Ikigai (pronounced ‘icky guy’) is used to describe and indicate the source of value within an individual’s life. It essentially is used to refer to, “the mental and spiritual circumstances under which individuals feel that their lives are valuable.” Ikigai is the individual purpose for the future, a personal reflection of the inner self. Ikigai behaviours are spontaneous, neither forced or actions contrary to the will of the individual. As the article suggests, ikigai is,

“It (ikigai) establishes a unique mental world in which the individual can feel at ease.”

 

This article further suggested that people may find ikigai in one or more aspects of their life, proposing that there were seven needs associated with ikigai (Source Ikigai-ni-tsuite, Kamiya 1966):

the need for a fulfilling existence

the need for change and growth

the need for future perspectives

the need for self actualisation

the need for receiving responses

the need for freedom

the need for significance and value

These needs are fundamentally reflective of the desires of a human being; physically, socially and spiritually.

 

The popularity of this term ‘ikigai’ was further supported and driven by Akihiro Hasewaga, a clinical psychologist, in a 2001 research paper (Source: https://www.bbc.com/capital/story/20170807-ikigai-a-japanese-concept-to-improve-work-and-life)

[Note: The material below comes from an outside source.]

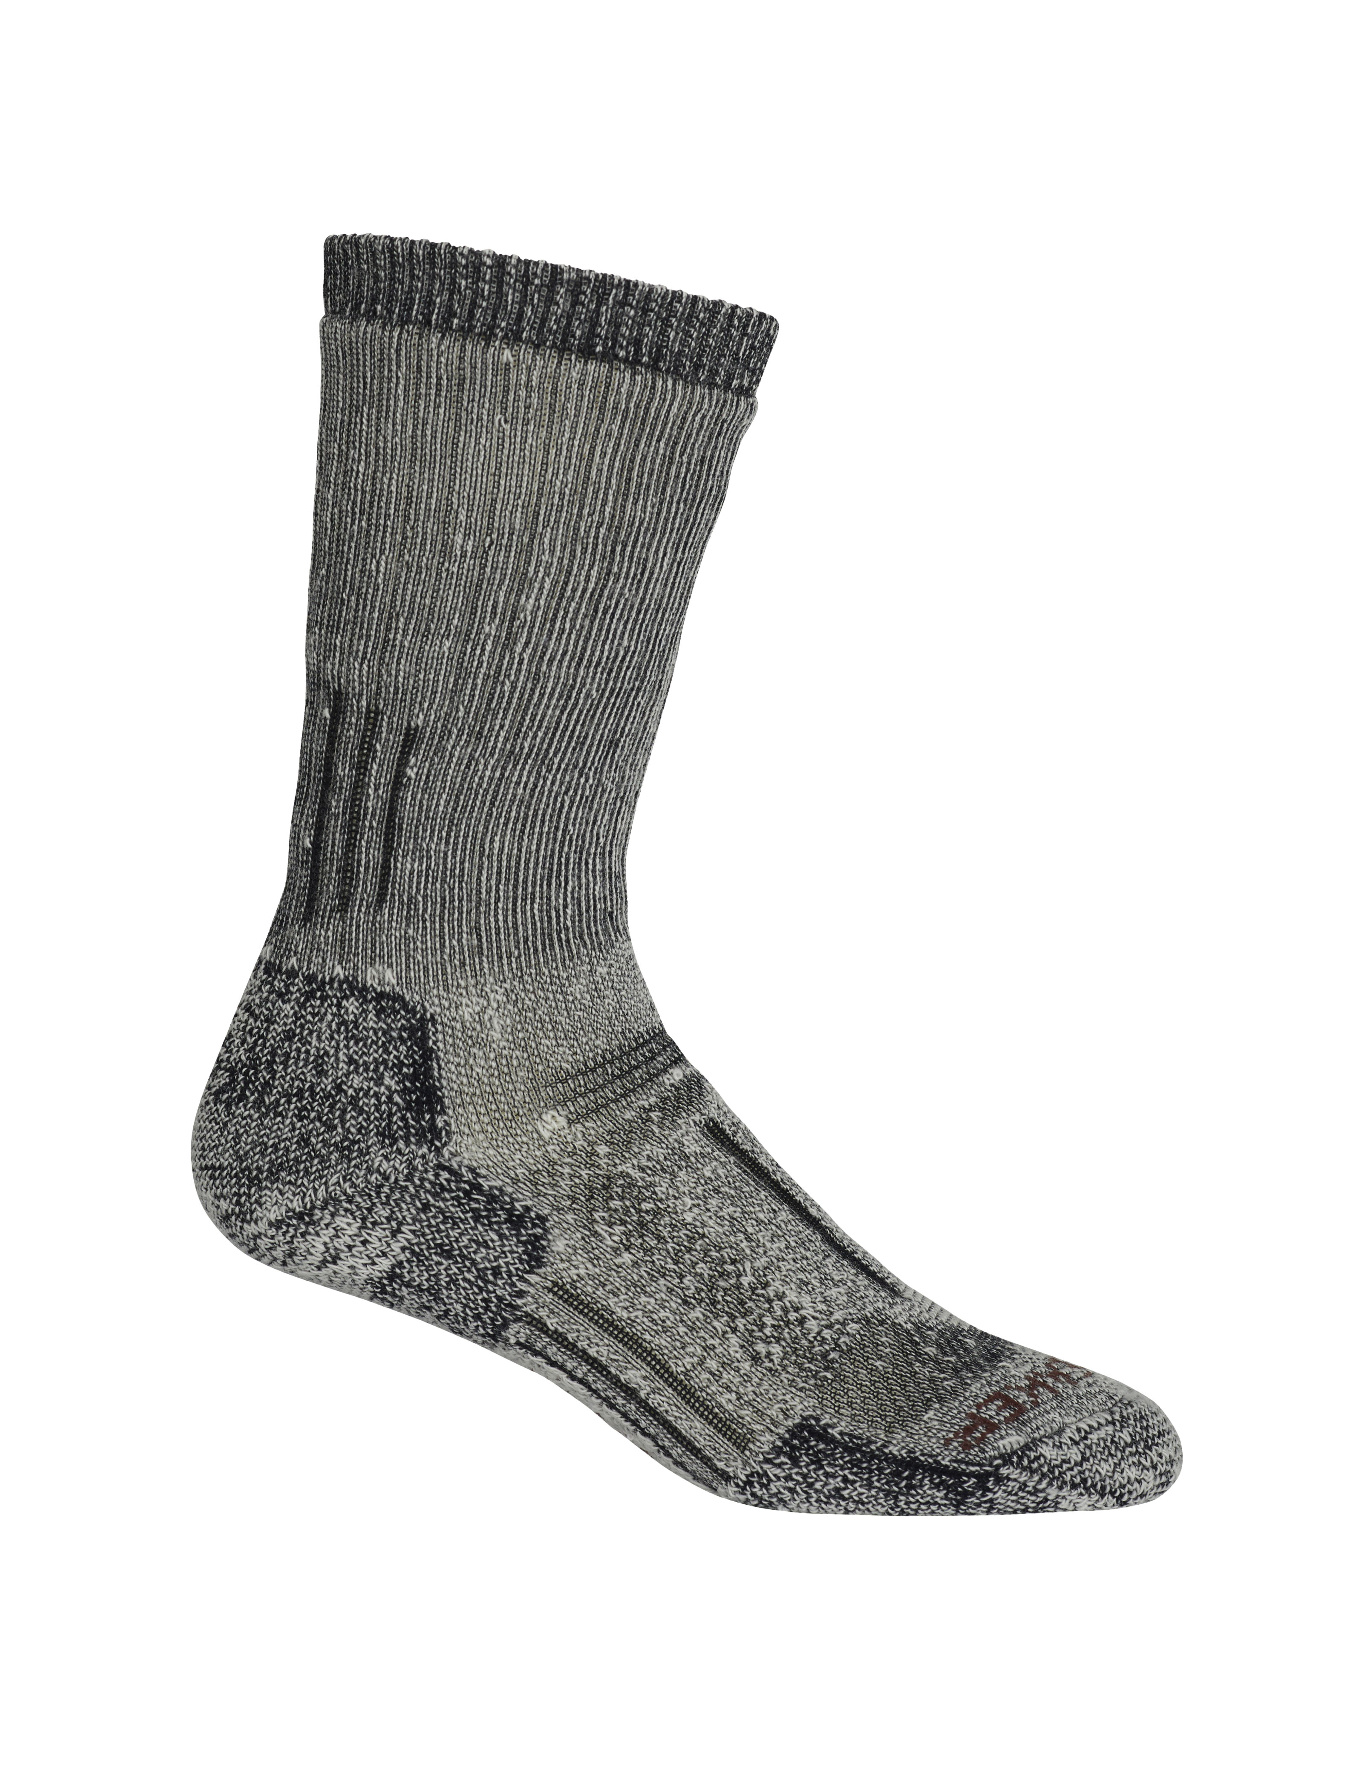 Dámské merino ponožky ICEBREAKER Wmns Mountaineer Mid Calf, Jet Heather/Espresso velikost: 38-40 (M)

Hasegawa, related the term to happiness although also determined that there was a subtle difference between the two. Ikigai has a perspective towards the future, whilst happiness is very much concerned with the present state. Hasegawa through research also linked the concept of ikigai with everyday life, determining that Japanese people believe that the sum of small joys everyday ultimately result in a more fulfilling life as a whole. Ikigai, is then both life’s purpose and everyday life combined.

 

Across the past few years much has been written and suggested regarding the concept of ikigai, the venn diagram below often being the conceptualisation that most people associate with the idea:

 

 

 

In this representation ikigai is the intersection between four fundamental qualities:

What you are good at

What you love

What the world needs

What you can be paid for

The idea and drive here is that for ikigai to be existent, each of the four qualities needs to be present. However there is a fundamental difference between this and the Japanese idea. An individual’s ikigai may have nothing to do with income. Sure, money and means are fundamental to survival in modern societies, however the value in one’s life may be related to work, however is it certainly not limited to that factor.

 

Author Dan Buettner, (Source: Blue Zones:9 Lessons for Living Longer from the People Who’ve Lived the Longest, 2008) suggests that many of the cultures across the globe who have the highest volume of elderly people, possess an ikigai type of concept within their psyche. (The actual word to describe may not exist in the culture, however the broad principles are common). Buettner suggests from his research that ikigai (or the principles of purpose) are based on three common qualities:

your values

the things you like doing

the things you are good at

He further suggests that the intersection of these three fundamental areas is your ikigai. However, in Japan there is an understanding that ikigai is also about feeling that your work makes a difference. Ikigai, is about contributing and understanding that what it is you do makes a difference to the lives and well-being of others.

 

One final point, returning to Les Brown quote here,

 

“To sit on an idea or fail to act on a goal is not really goal-setting, but wishful thinking.”

 

Understanding your ikigai is not enough, there is a requirement for action. Ikigai is malleable, it can change overtime and should be something that is revisited and refreshed. However knowing a purpose, setting a goal or identifying a path is relatively meaningless unless you live that purpose, undertake action to achieve that goal or start the journey along that path. Action provides purpose, live your purpose through what you do.